-- Your goal --
From the material below, retype exactly the lines that begin at the line with "Toughpower Grand RGB 850W Gold Fully Modular" and end after the line with "Sport-Tek YST320 Youth"; pictures stay out of the copy.

-- Data to examine --
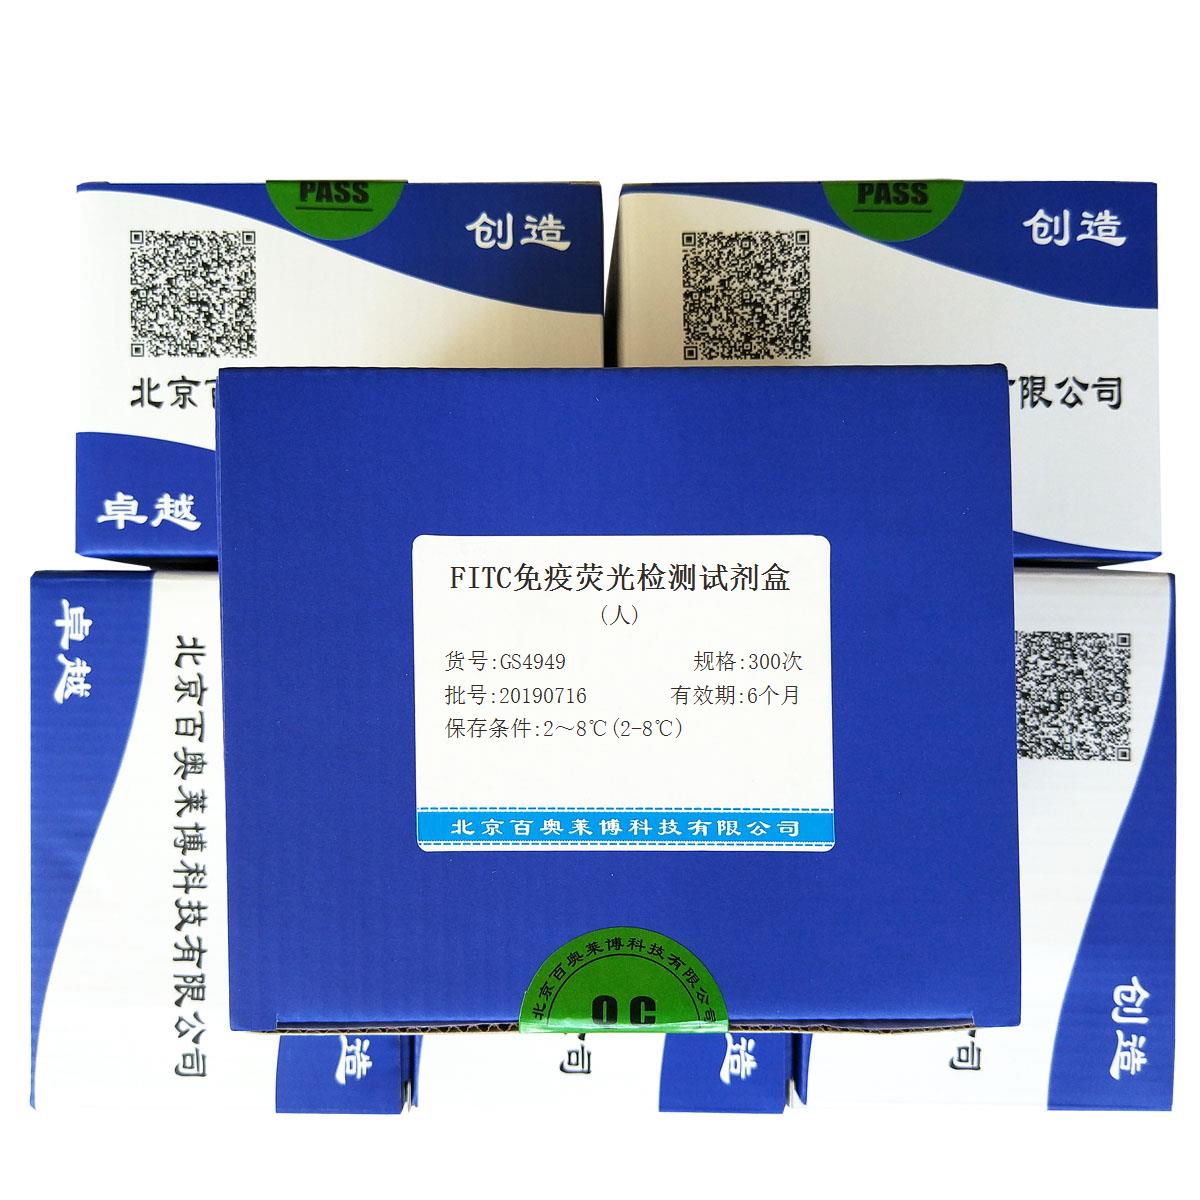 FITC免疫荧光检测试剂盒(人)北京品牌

* * *

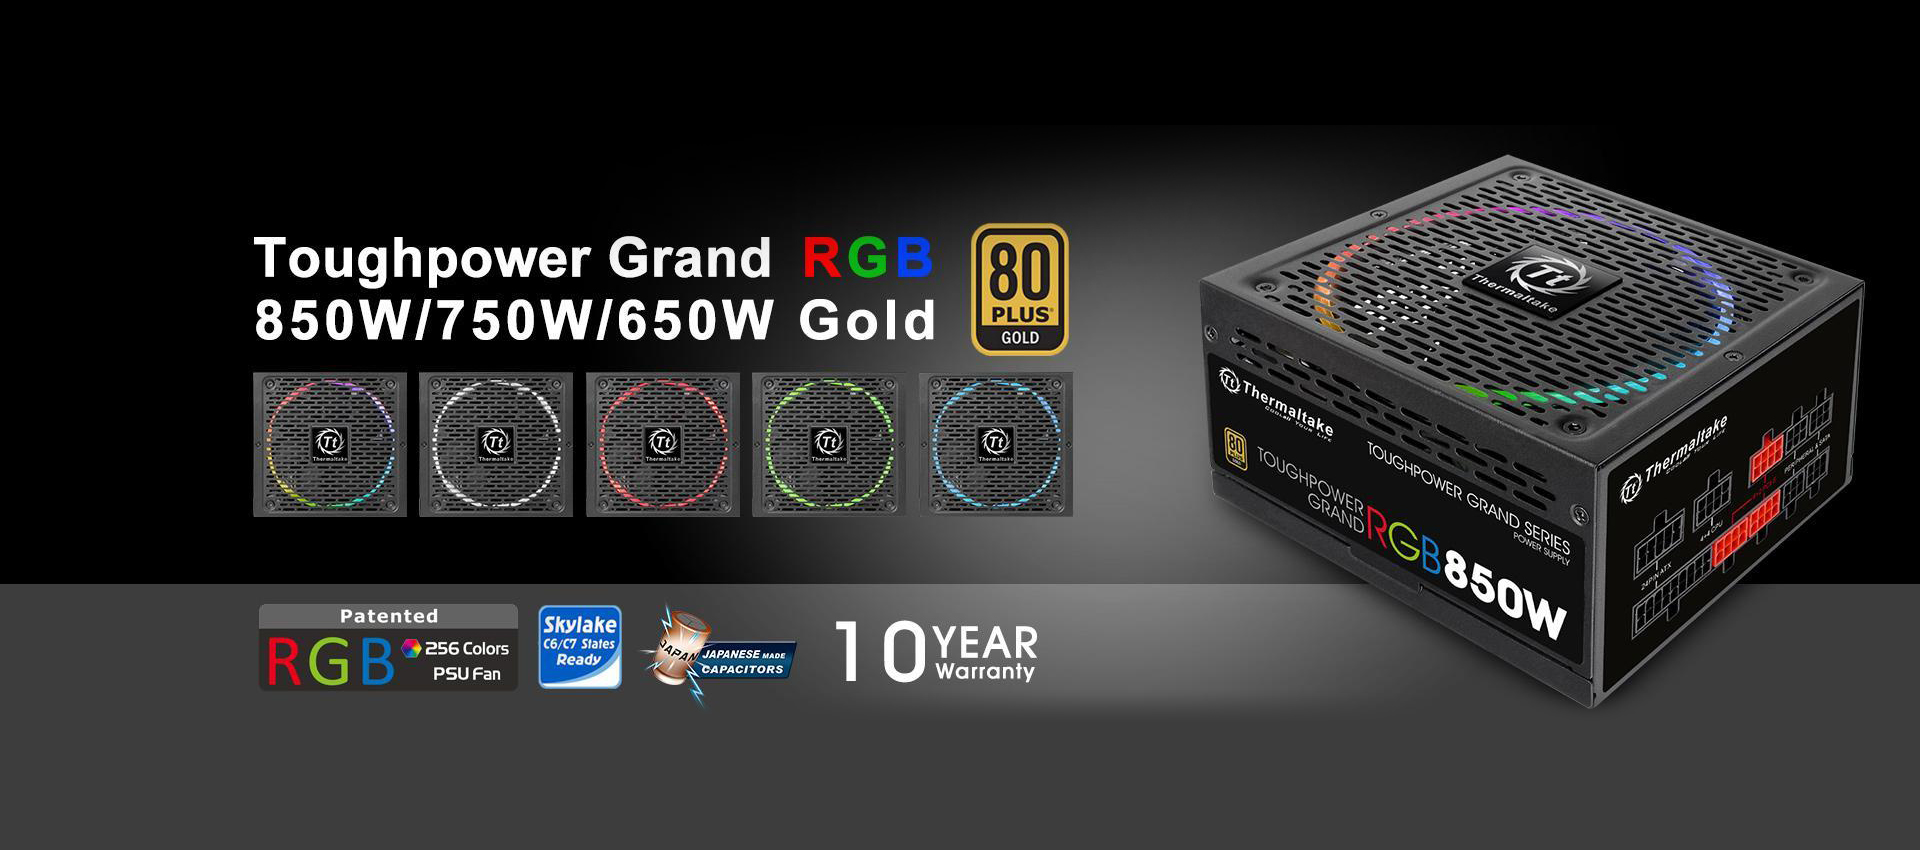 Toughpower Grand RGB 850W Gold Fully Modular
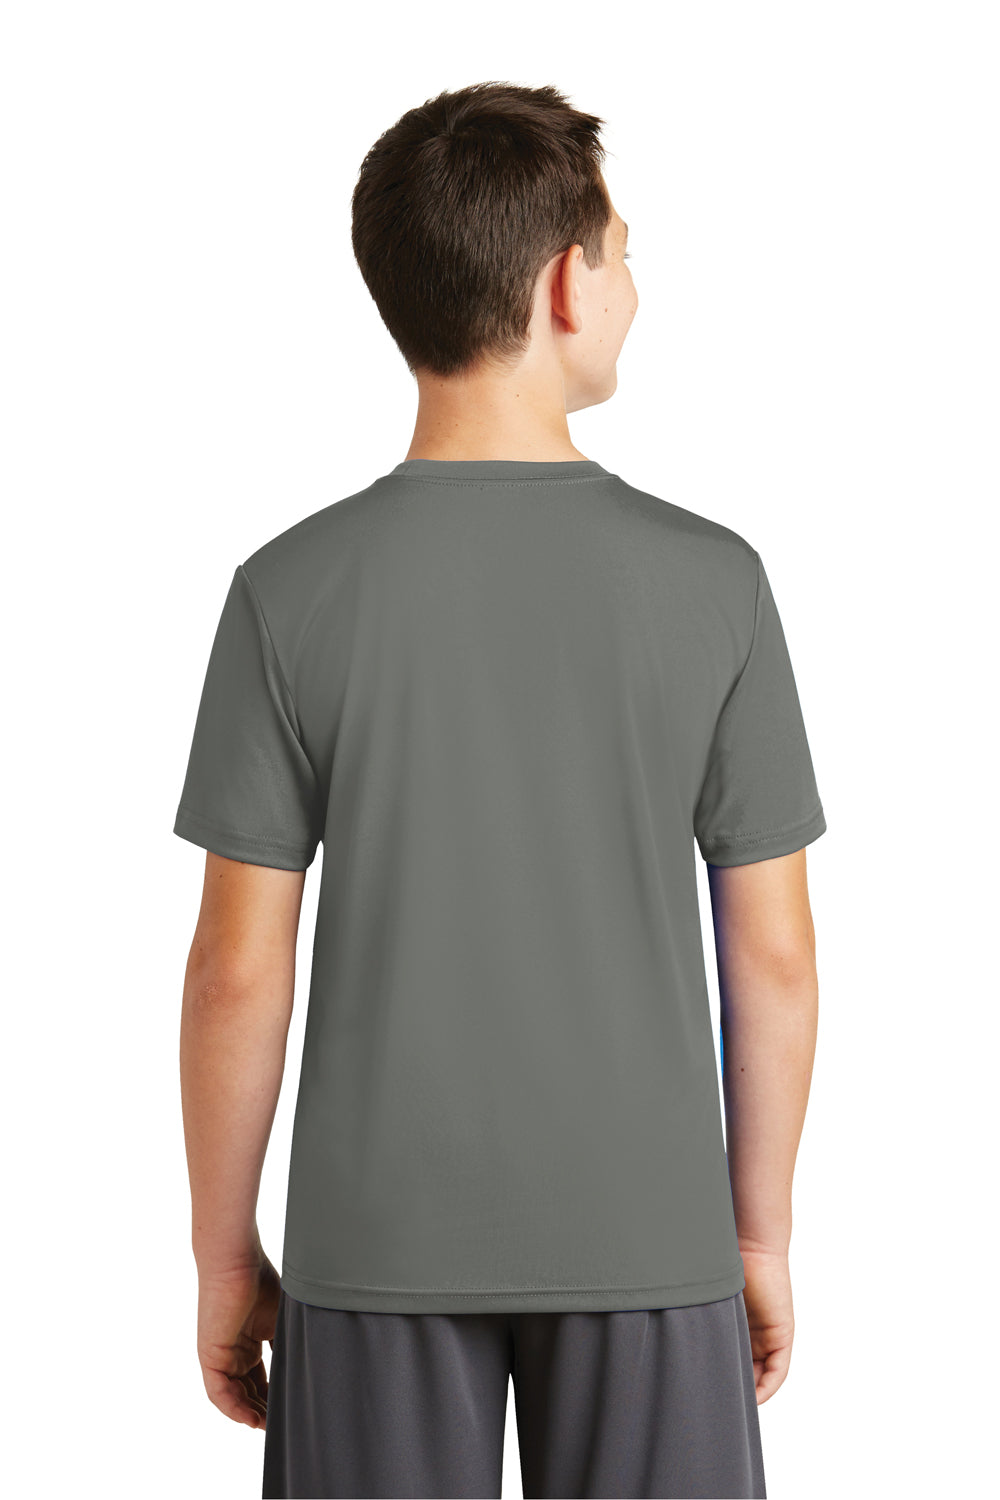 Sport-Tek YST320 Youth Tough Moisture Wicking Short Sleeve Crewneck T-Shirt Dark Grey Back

-- Task response --
 Toughpower Grand RGB 850W Gold Fully Modular
 Sport-Tek YST320 Youth Tough Moisture Wicking Short Sleeve Crewneck T-Shirt Dark Grey Back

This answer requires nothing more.